Van de Putte’s un-Mexican name comes from her husband, Pete, an American of Belgian ancestry who was the band director at her high school while she was a student. They started dating when she was 23 and had six kids, just as Pete wished, she says. Their youngest, 17-year-old Paul, still lives at home.
In the Legislature, Van de Putte has built a reputation as a progressive voice on health care and immigration. On a personal level, she is known for her down-to-earth, sometimes feisty personality.
While pregnant, she once wrestled a woman to the ground at a polling station after the woman insulted Van de Putte’s wheelchair-bound grandmother for wearing a political pin. “I just lost it,” says Van de Putte, who wasn’t yet a legislator at the time.

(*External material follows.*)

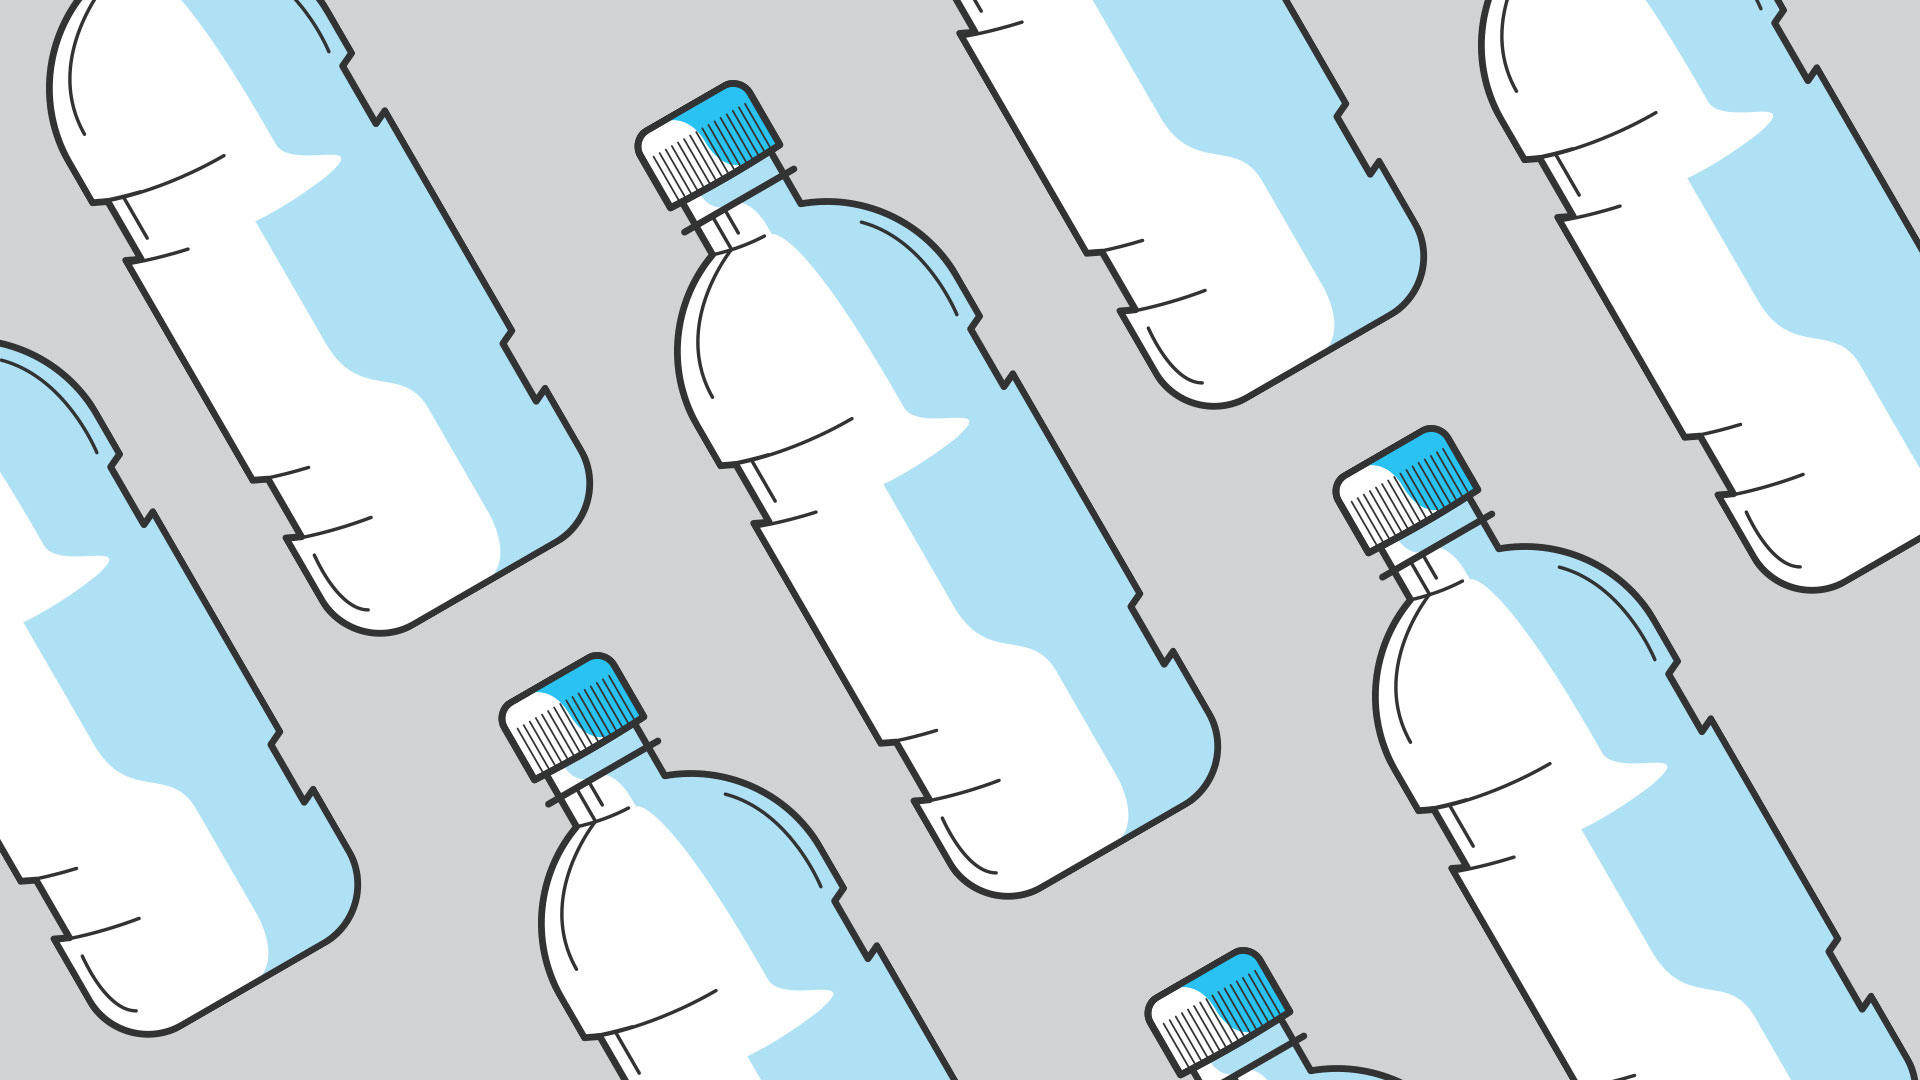 Material illustration: Plastic
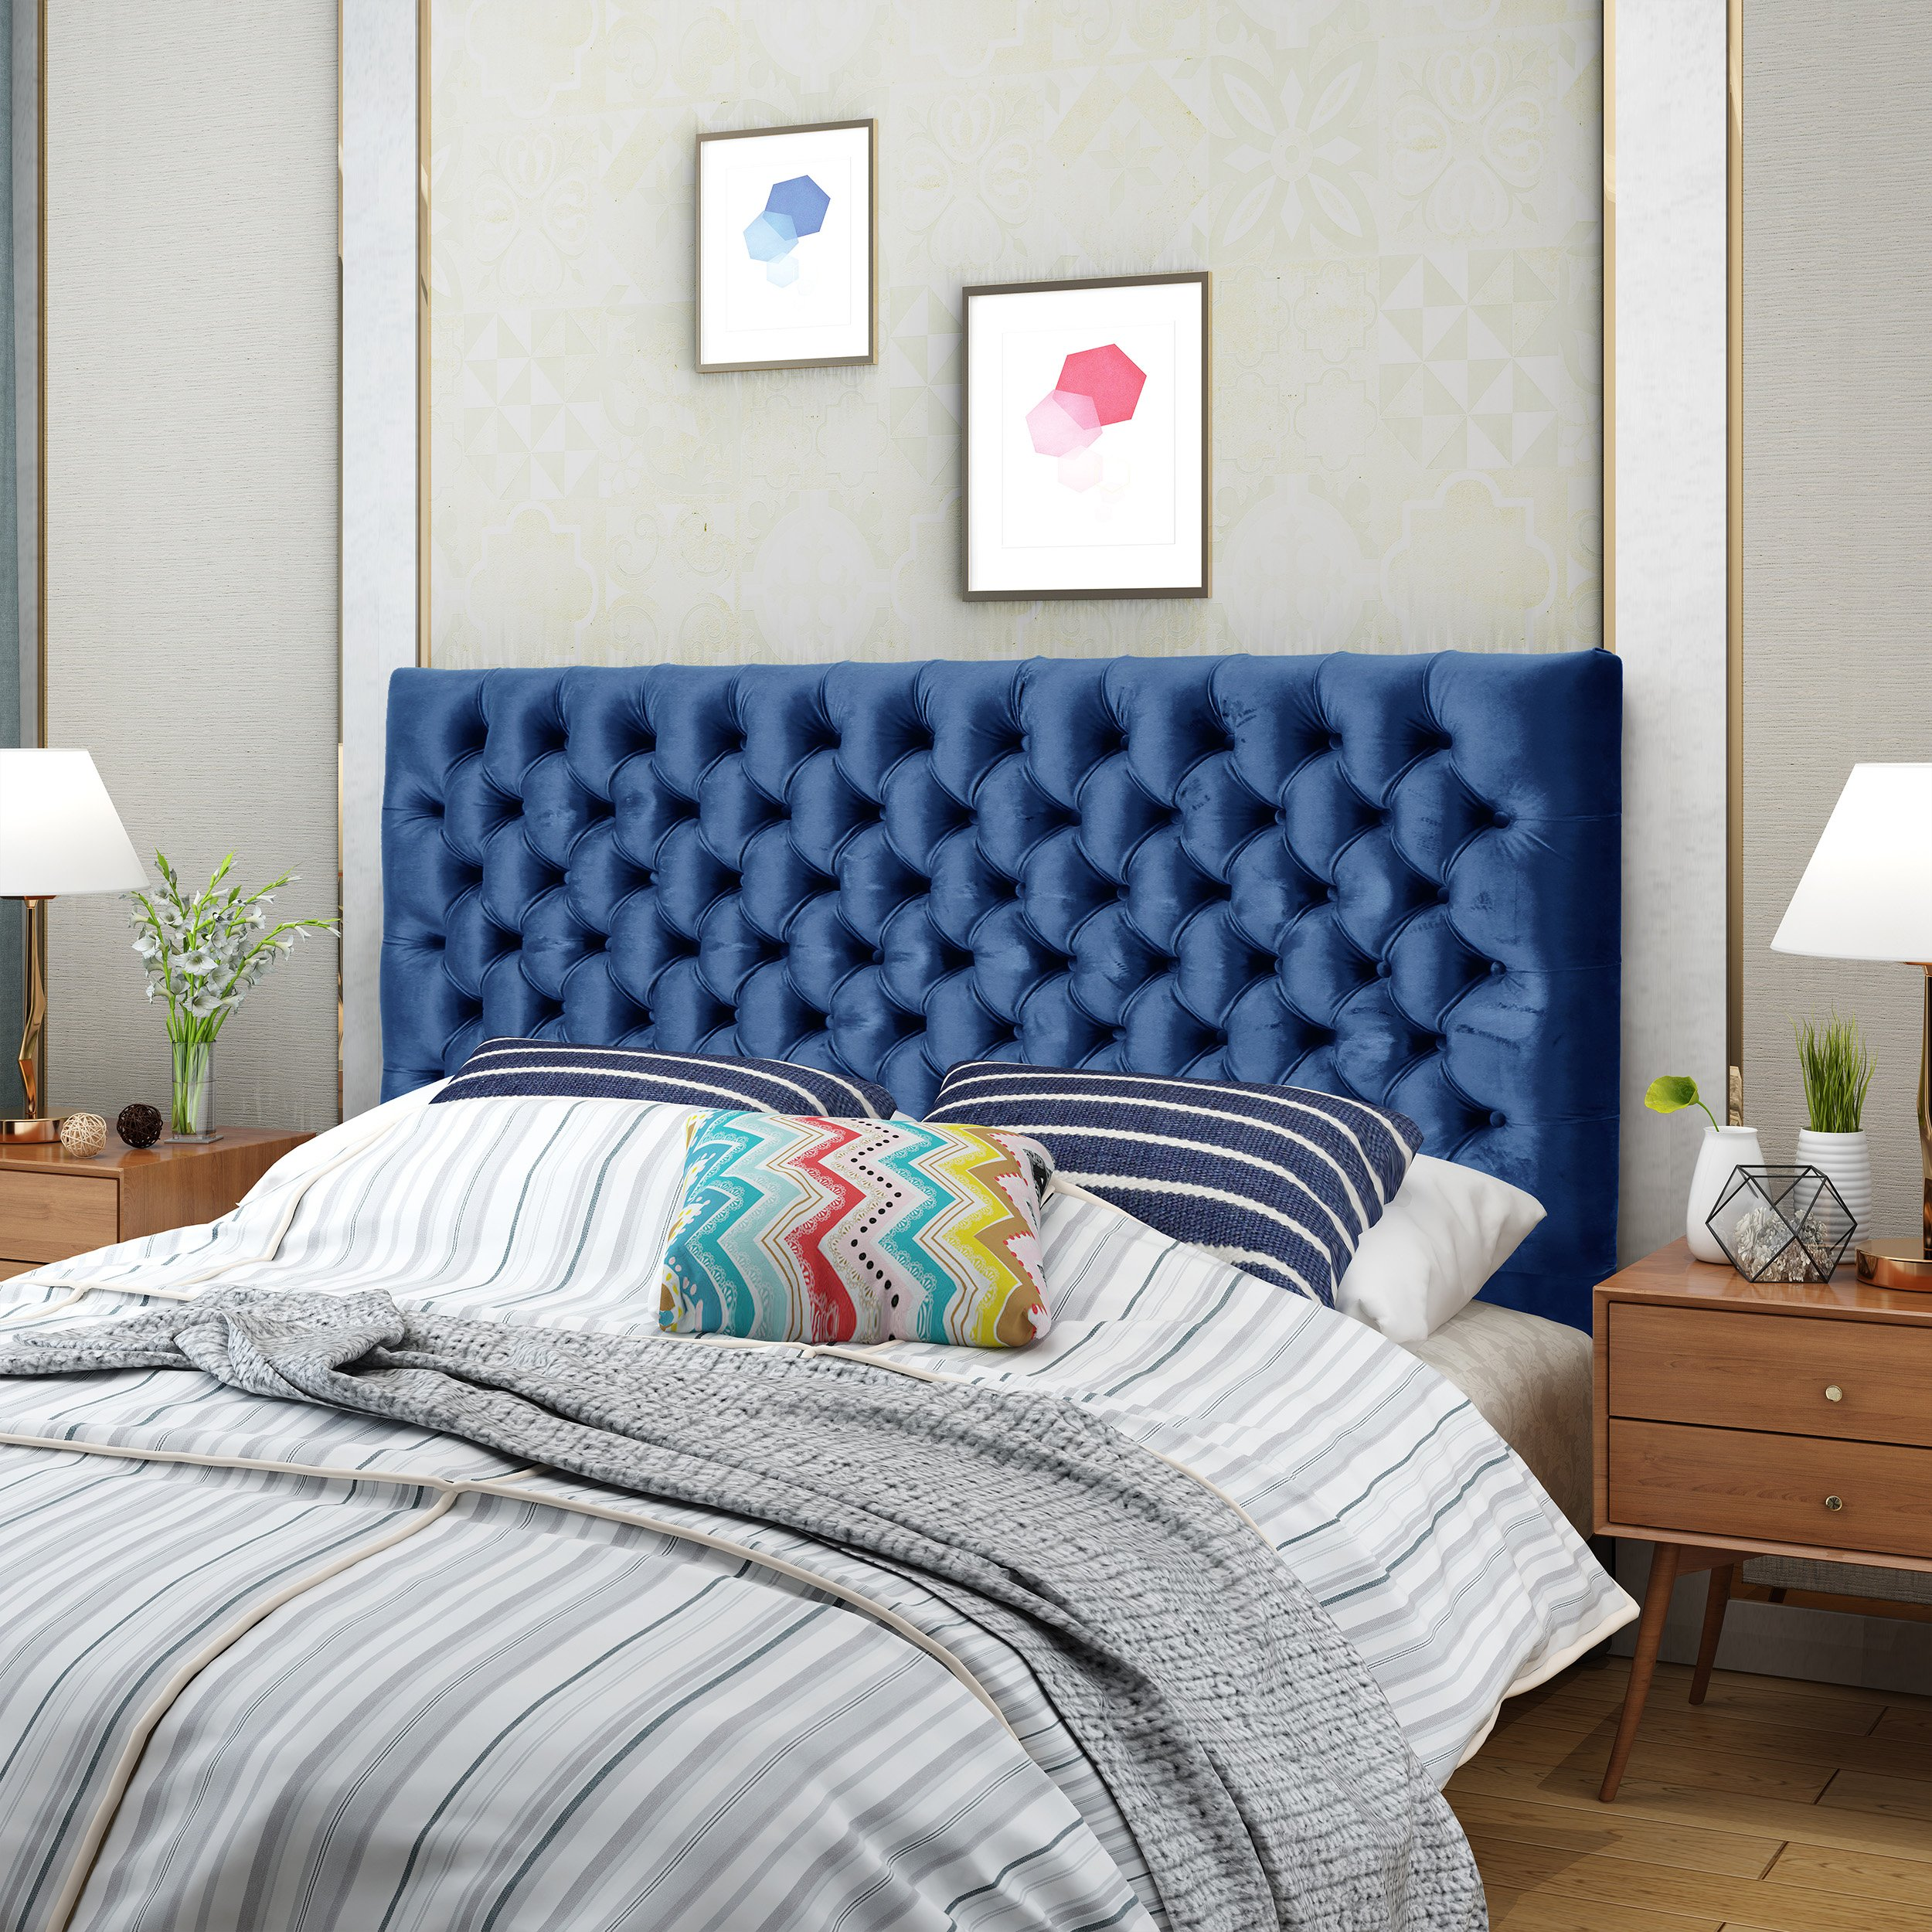 Christopher Knight Home 303582 Jezebel Headboard, Navy Blue and Black Steel by Christopher Knight Home

Of President George W. Bush, who served in the Texas capital from 1995 through 2000, Van de Putte says she “loved working with him when he was governor” though he “wasn’t the brightest light on the porch” and lost his bipartisan ways as soon as he moved to the White House. Still, she displays in her Austin office a photo of herself “exchanging saliva” with Bush.
Van de Putte applauds Bush’s May 15 Oval Office address calling for National Guard troops to help secure the border with Mexico. She says the proposal was a “necessary trade for him to get his guest-worker program,” which she fully supports.
“It’s the first time he was the old George Bush, the governor I knew,” Van de Putte says.